The King "I will give you a
choice. You are a weapon or a warning."
The day had all the ingredients
of a good one—sunlight caught on the mirrored glass, laughter echoing across
the grounds, the scent of sea-salt from the artificial breakers that rhythmically
crashed on the fake beach.
Aisara couldn't stand a single
moment of it. Good days weren't real. Not for people like her. They were setup
acts, beautifully lit preludes to a fall. She didn't get off days or
lighthearted breaks. Never had. Not in Dominion. Not before. It was always survival.
She was always pretending to belong.
With a grin, Lina pulled her
across the sandy beach, skirts held high as her bare feet skipped ahead. "You
need sunlight. And flirtation. Or at least distraction."
Aisara blinked at her,
unimpressed. "You know none of this is real, right? Not the sea. Not the
breeze. Probably not even your optimism."
"And yet I'm still dragging your
brooding self to fun," Lina replied cheerfully, then gasped. "Wait. Don't turn.
Don't. Turn."
Aisara turned.
Nearby, Prince Azric, shirtless
and golden-skinned, laughed with students who appeared to be models from a
recruitment poster. The sun haloed him unfairly, and when his eyes flicked
toward them, he winked. Lina squealed. "He saw us. He saw you! Gods, I'm going
to die. That wink. If I end up marrying him, it will be because of this
moment."
"You should frame it," Aisara
muttered. "Put it next to your delusions."
"My dad is in the King's Guard,"
Lina said, chin high. "He visits for the Fourth Year Graduation. He'll meet
Azric. And he'll see I'm not weak like—" She stopped herself.
"Like your mother?" Aisara asked
softly. Lina looked away. "She never had a stone. It took everything out of her
to have me. Dad only sees what's strong. That's what he loves."
Before Aisara could respond, a
familiar voice called out. "Aisara! Lina! Come here!" Rheyn waved them over
excitedly.
"Feels fake," Aisara said,
pointing the ocean.
"It is," Rheyn said, dropping his
bag. "But so are smiles. Doesn't mean they can't be nice sometimes."

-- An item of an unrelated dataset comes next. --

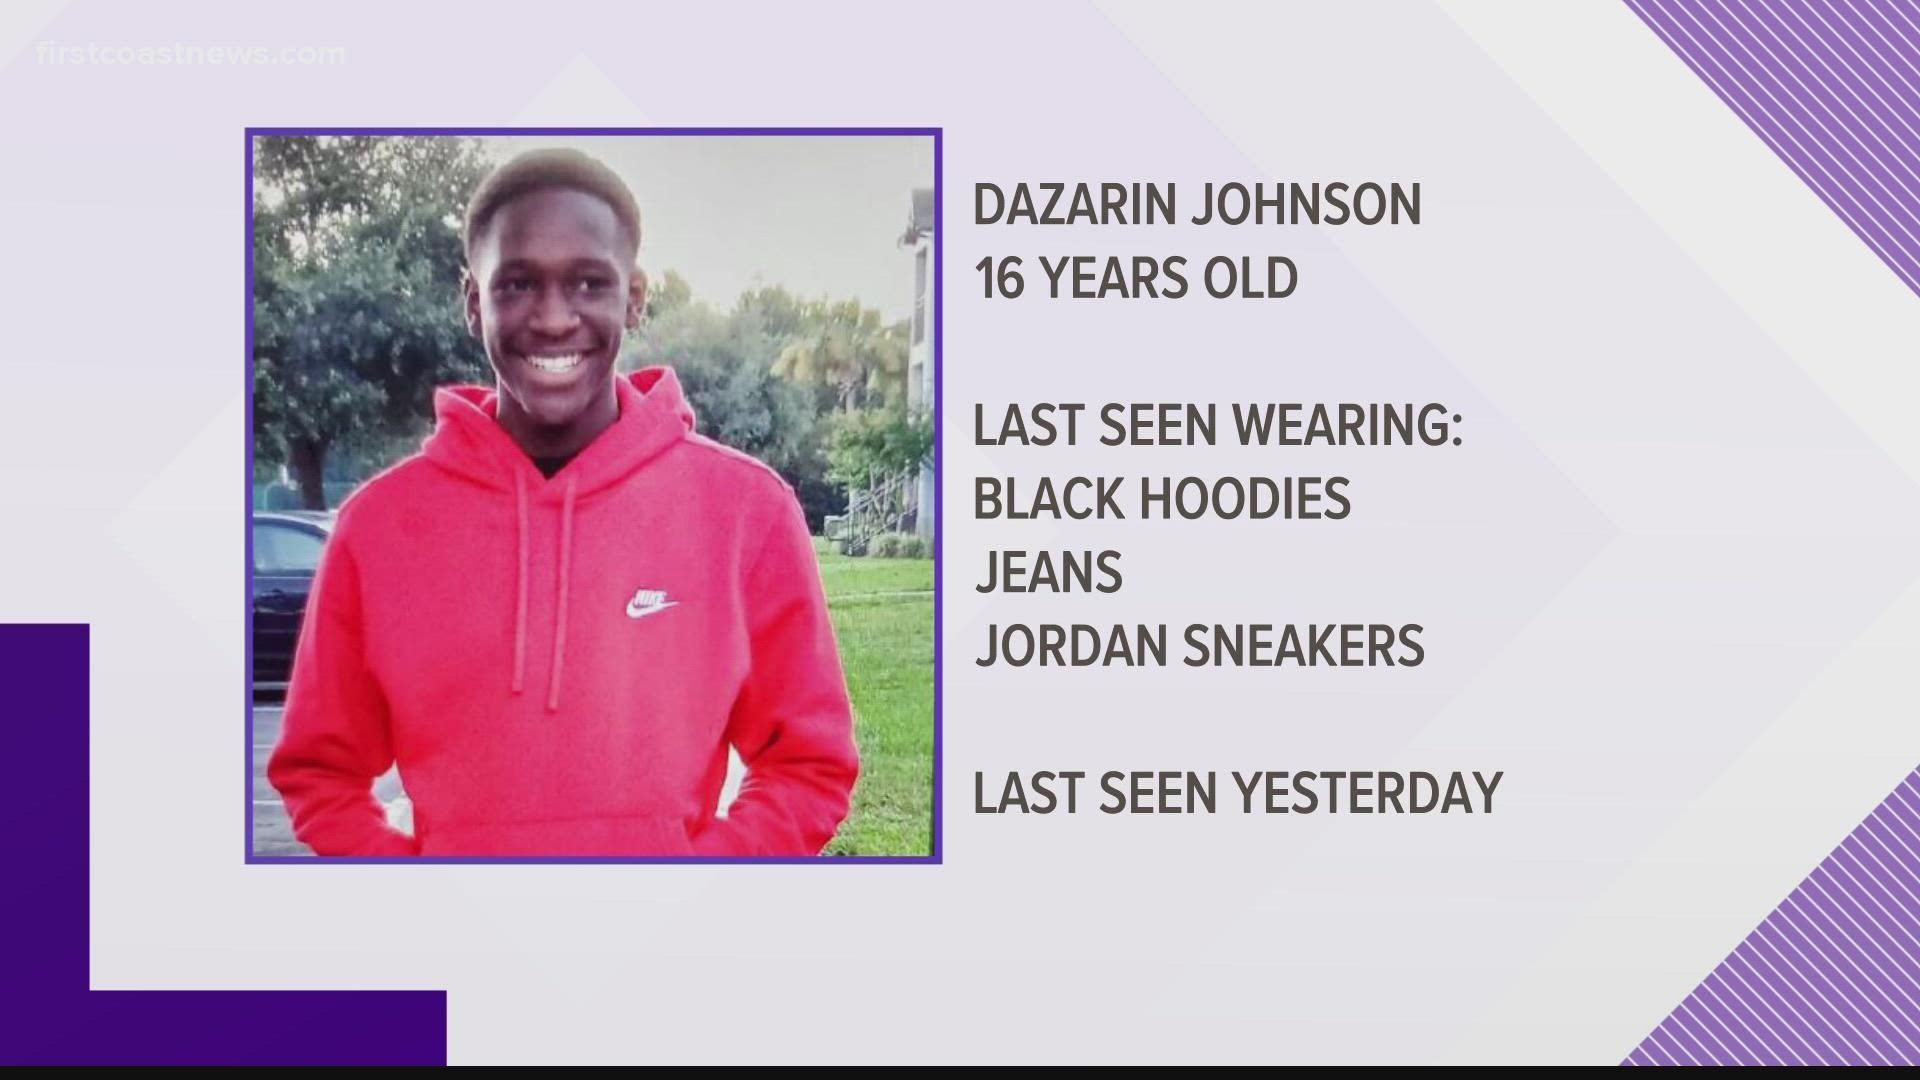 Police say Dazarin E Johnson was last seen at his residence with his mother, located at Windsong Apartments.

She raised an eyebrow. "Since
when did you become wise?"
"Since they started letting me
keep my shoes during training."
Rheyn's mood looked relaxed—which
made her suspicious. He nodded toward the group behind him. "Come meet the only
sane people left in this place." He led them to a half-shaded spot already
claimed by three peculiar energies. A girl with honey-brown curls and
sun-warmed healer vibes was laying out jars and oils like she was preparing a
spa-coven ritual. A tall, wiry boy with ink-stained fingers and a book balanced
on his knee didn't even look up. A short-haired girl sitting cross-legged on a
rock stared at the waves with the intense stillness of someone who expected an
ambush.
"Aisara, Lina—this is Callie,
Dirk, and Leila. They're not unhinged."
"Yet," Dirk said, flipping a
page.
"And you wonder why I don't
introduce people," Rheyn muttered.
Callie looked up and beamed.
"Hi! I'm the Healer and sunshine
addict. I give excellent foot rubs and terrible advice."
"Don't listen to her," Leila
said.
"I give some good advice," Callie
huffed.
Dirk waved a hand toward them,
still reading.
"Ignore me. I'm just here to
translate dead languages and judge everyone silently."

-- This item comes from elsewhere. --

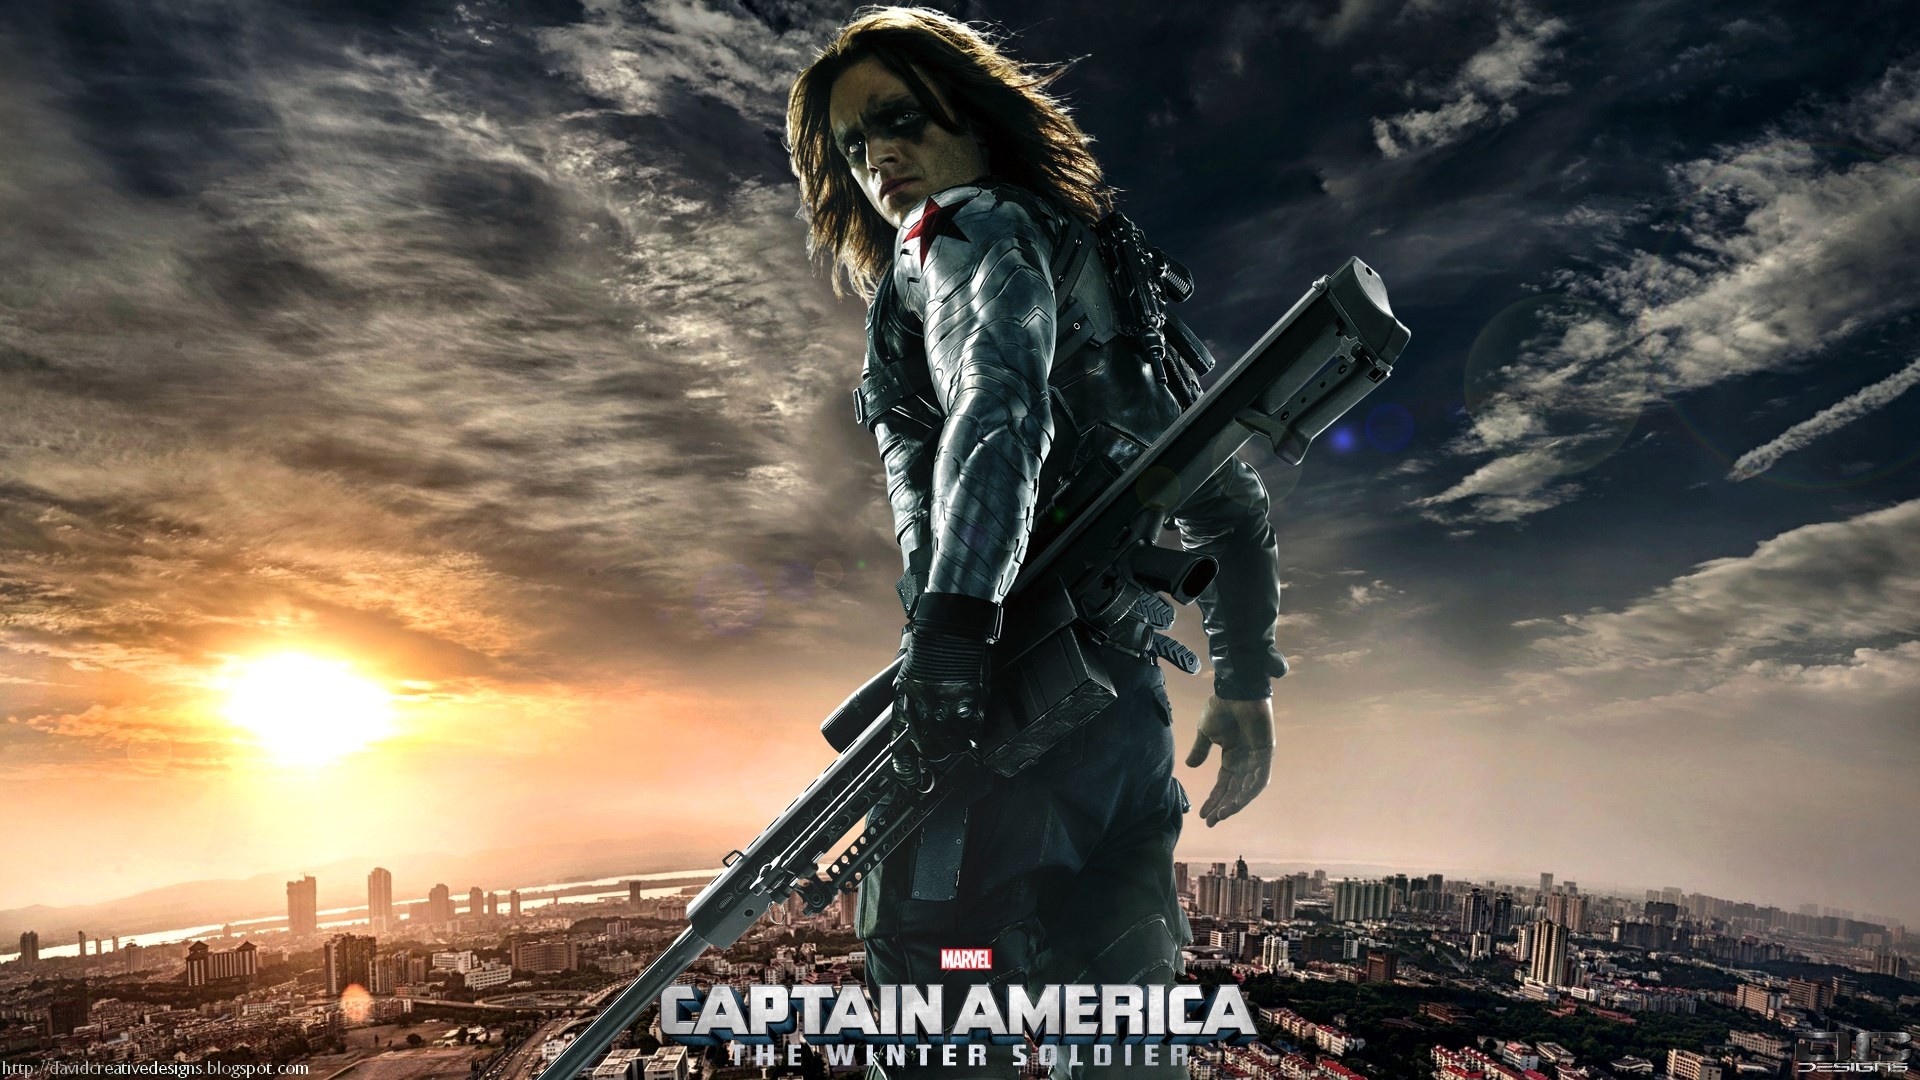 1920x1080 Captain America - The Winter Soldier - Anthony & Joe Russo

Rheyn explained, "He sees moments
in time - that is his power, a few snippets into the future. He is always
looking for the meaning, interpretations or different paths it can take."
Leila gave Aisara a slow,
measured look. "You're the fire girl, aren't you?"
"That's... one name," Aisara
said.
"She's already got a warning
sign," Callie said. "She'll fit in."
"Oh, Callie, please," Dirk
interrupted, stretching his arms behind his head. "Give her a break. Not every
conversation has to start with interrogation."
Callie looked at him, smiled at
Aisara, and admitted, "I'm curious."
Having dropped her pack, Aisara
sat. Lina plopped down next to her, face full of light.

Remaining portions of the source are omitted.